Only a few case reports have documented the incidence of HPS after endovascular treatment including intracranial stenting.49) This report adds to the number of documented cases, with special emphasis on NIRS monitoring. Stenting for intracranial arteriosclerotic stenosis is associated with higher risks than pharmacotherapy alone according to a recent study.13) In Japan, the intracranial stent is indicated for the following conditions: (1) rescue of dissection and/or acute occlusion occurring during percutaneous balloon angioplasty and (2) retreatment after angioplasty, with no other effective treatment. In the present case, restenosis despite aggressive pharmacotherapy after balloon angioplasty indicated that intracranial stenting was the cause of the cerebral HPS.

This HPS is thought to occur due to impaired cerebral autoregulation.14) The incidence of HPS is about 1.9% after CEA and about 1.2% after CAS, according to systematic analyses of a large series of patients treated with CEA or CAS.3) The risk factors for HPS include longstanding hypertension, increased age, high-grade ipsilateral stenosis, poor collateral flow, contralateral carotid occlusion, and postoperative hypertension.11) The present study reported hyperperfusion peaked on the sixth day after CEA and within 12 hours after CAS.3) The time course of hyperperfusion has not been reported in cases with intracranial stenting, and this study may be the first report of the continuous postoperative monitoring of hyperperfusion.

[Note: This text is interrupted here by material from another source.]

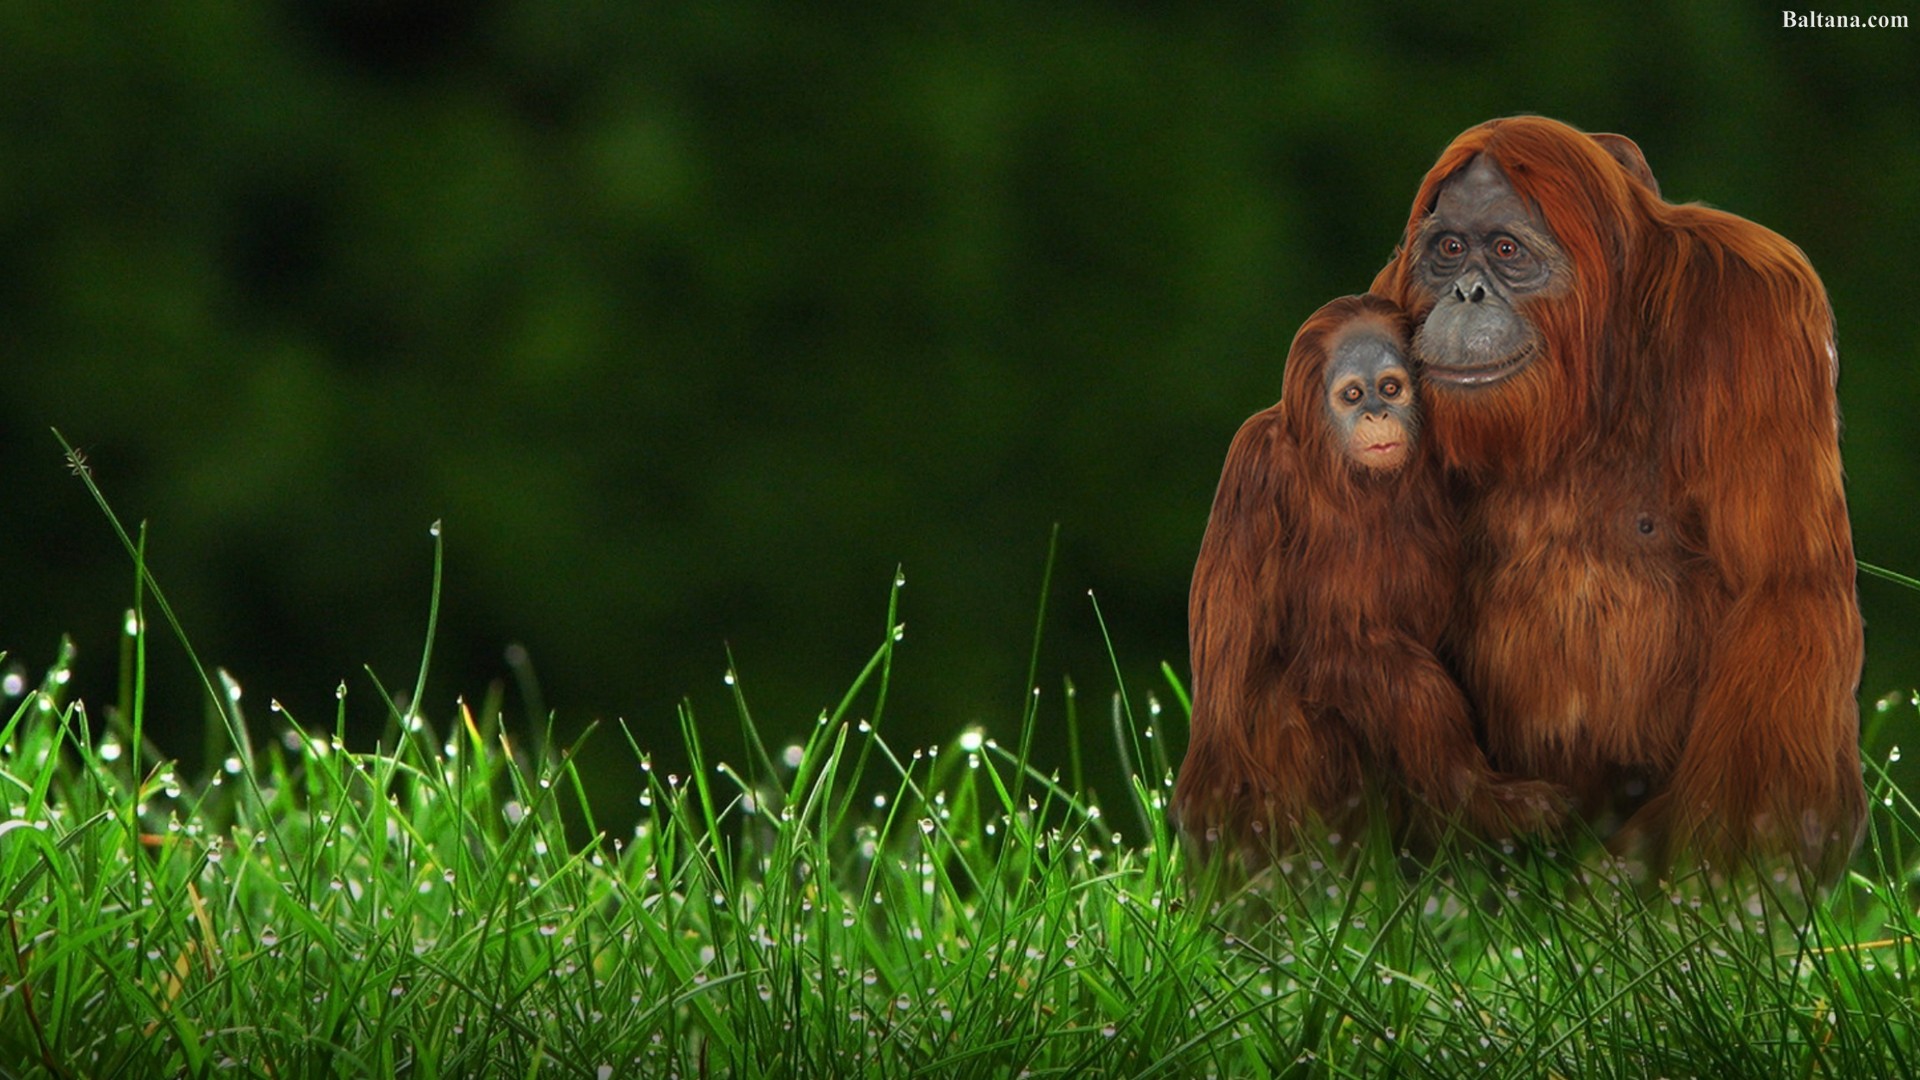 Orangutan Wallpaper HD Background Image Pics Photos
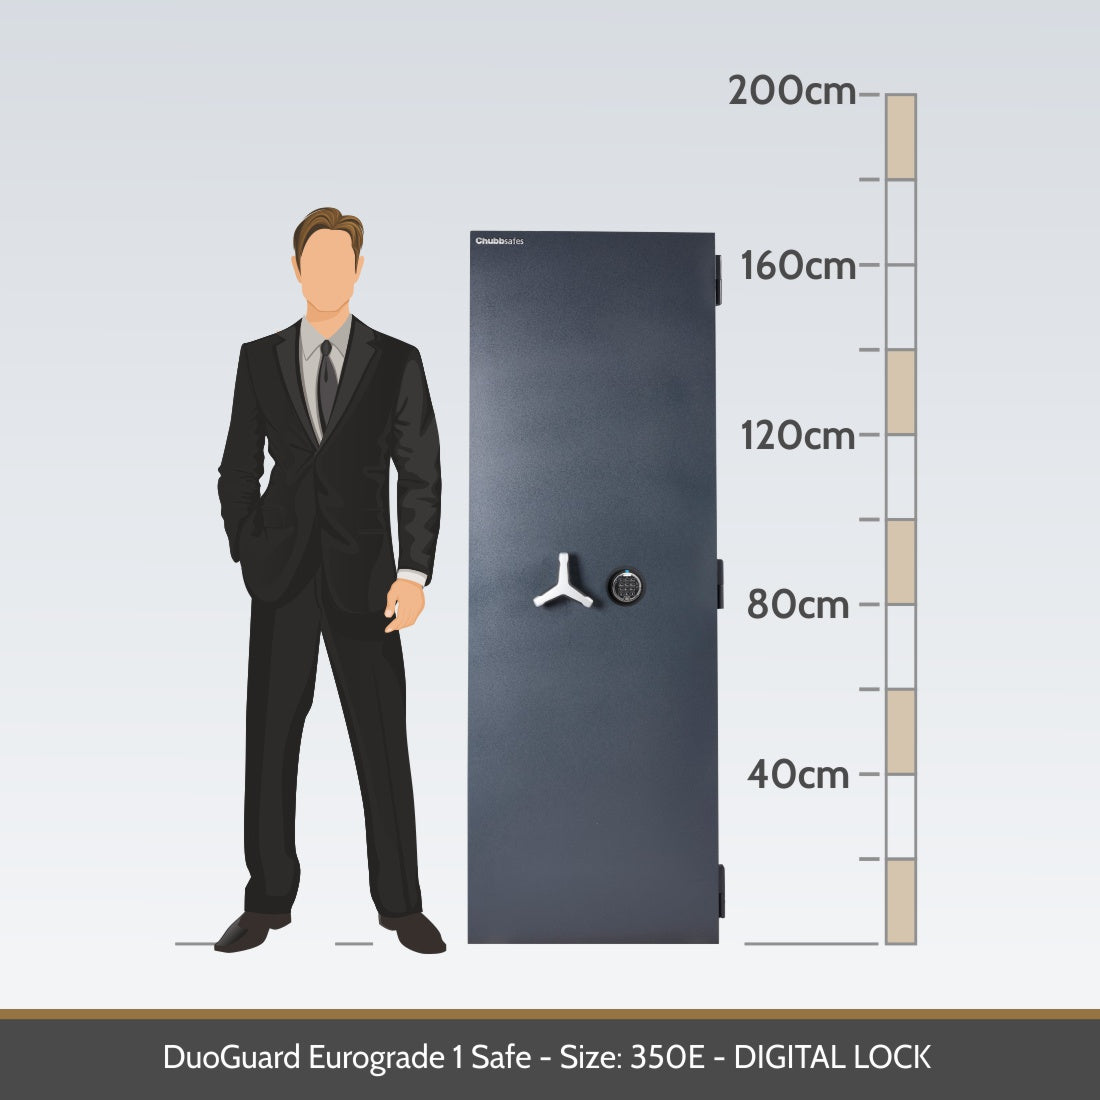 Chubbsafes, DuoGuard Eurograde 1 Safe - Size: 350E - DIGITAL LOCK

In the present case, the stenotic lesion had progressed to near-occlusion and N-isopropyl-p-[123I] iodoamphetamine SPECT revealed type 3 ischemia before the second surgery, suggesting that preoperative hemodynamic ischemia is a risk factor for post-stenting hyperperfusion in patients with intracranial stenosis. NIRS is convenient for CBF monitoring as an alternative device to SPECT, which is less versatile. NIRS can be used easily and continuously to evaluate the approximate CBF condition from regional oxygen saturation (rSO2), and there are several reports on the prediction of hyperperfusion after CEA or CAS during the procedure.1517) By performing continuous NIRS monitoring after surgery, as in the present case, not only the diagnosis of HPS but also the termination of the hyperperfusion can be accurately detected, which is effective for strict management. Particularly, in the elderly, adverse events due to long-term sedation are concerning; therefore, NIRS monitoring would be a good parameter to complete the treatment. However, NIRS monitors the rSO2 of the ACA territory when the sensor is attached to the forehead, and it may underestimate the CBF if the A1 segment of the affected side is hypoplastic. The complementary use of NIRS, ASL, and SPECT may be efficacious for the monitoring, diagnosis, and precise timing of treatment in patients with a high risk for postoperative hyperperfusion.

Conclusion

We document an unusual case of cerebral HPS after intracranial ICA stenting. Although the definite mechanism underlying this rare complication is unclear, CBF monitoring with NIRS, not only during the intracranial stenting procedure but also postoperatively, is useful for the strict management of HPS.

Conflicts of Interest Disclosure

The authors declare no conflict of interest.